Date Prev | Date Next | Date Index | Thread Index | Author Index | Historical

Fwd: Cisco crapaganda

  • From: James Baldwin
  • Date: Tue Aug 09 14:35:14 2005

On Aug 9, 2005, at 11:11 AM, [email protected] wrote:

They are not "Lynn's exploit techniques". The techniques were
published by someone else in considerable more detail than
Lynn along with source code.

What techniques are you referencing? The technique Lynn demonstrated has not been seen anywhere in the wild, as far as I know. He, nor ISS, ever made the source code available to anyone outside of Cisco, or ISS. What publication are you referring to?
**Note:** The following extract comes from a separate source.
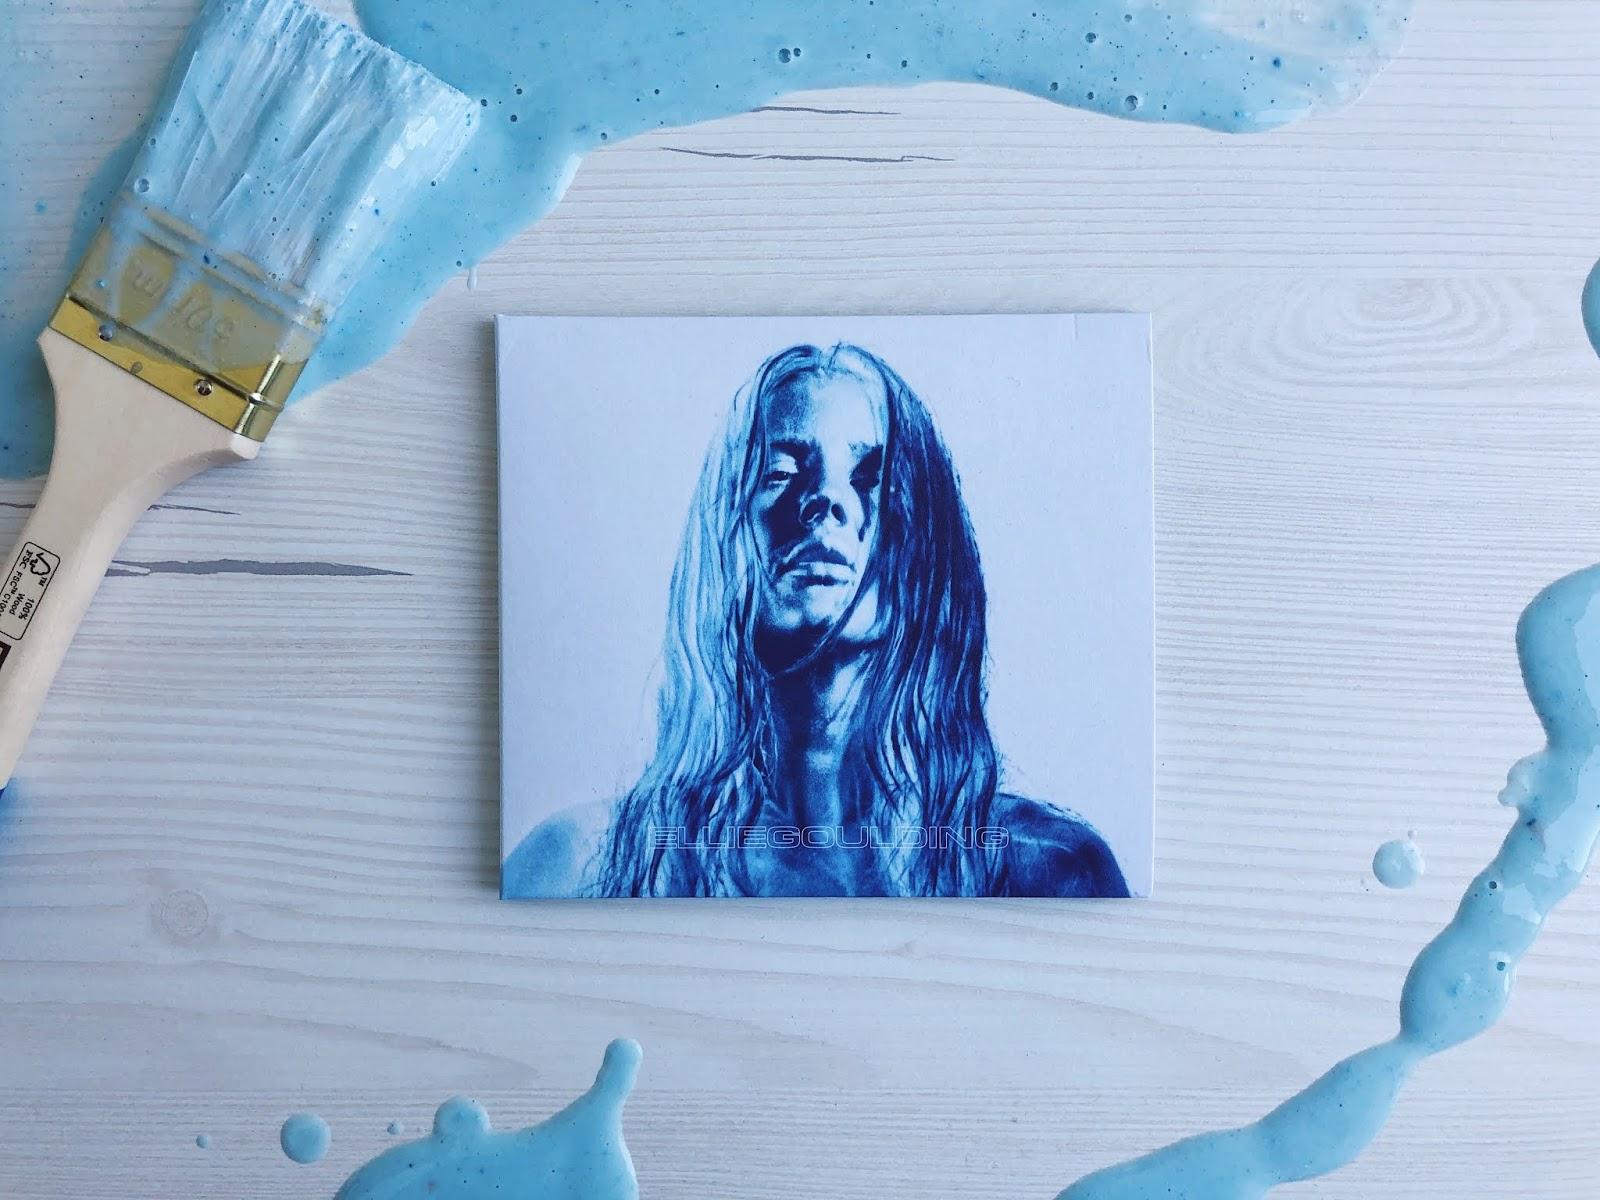 Recenzia na album BRIGHTEST BLUE - ELLIE GOULDING

You aren't safe just because your network runs on brand X
boxes. The only way to be safe is for your brand X vendors
to take software security and systemic security much more
seriously. I also believe that there are lessons to be
learned from the open source community's approach to security.
This doesn't mean that Cisco or any other Brand X vendor
should just run out and replace their box's OS with
OpenBSD or NetBSD or Linux. But they need to seriously
ask themselves what advantage they gain from inventing
their own wheel and rejecting the work of thousands of
highly skilled and dedicated people.

Quality control.

The general operating systems are not designed with a specific goal of high availability routing in mind, and while they display and can compete on some levels with specialized operating systems, they will loose out in the end. In this regard it is not open source environments that present the benefit, but as you say "thousands of highly skilled and dedicated people". There are very few of those people who are experienced in the realm of high end routing systems.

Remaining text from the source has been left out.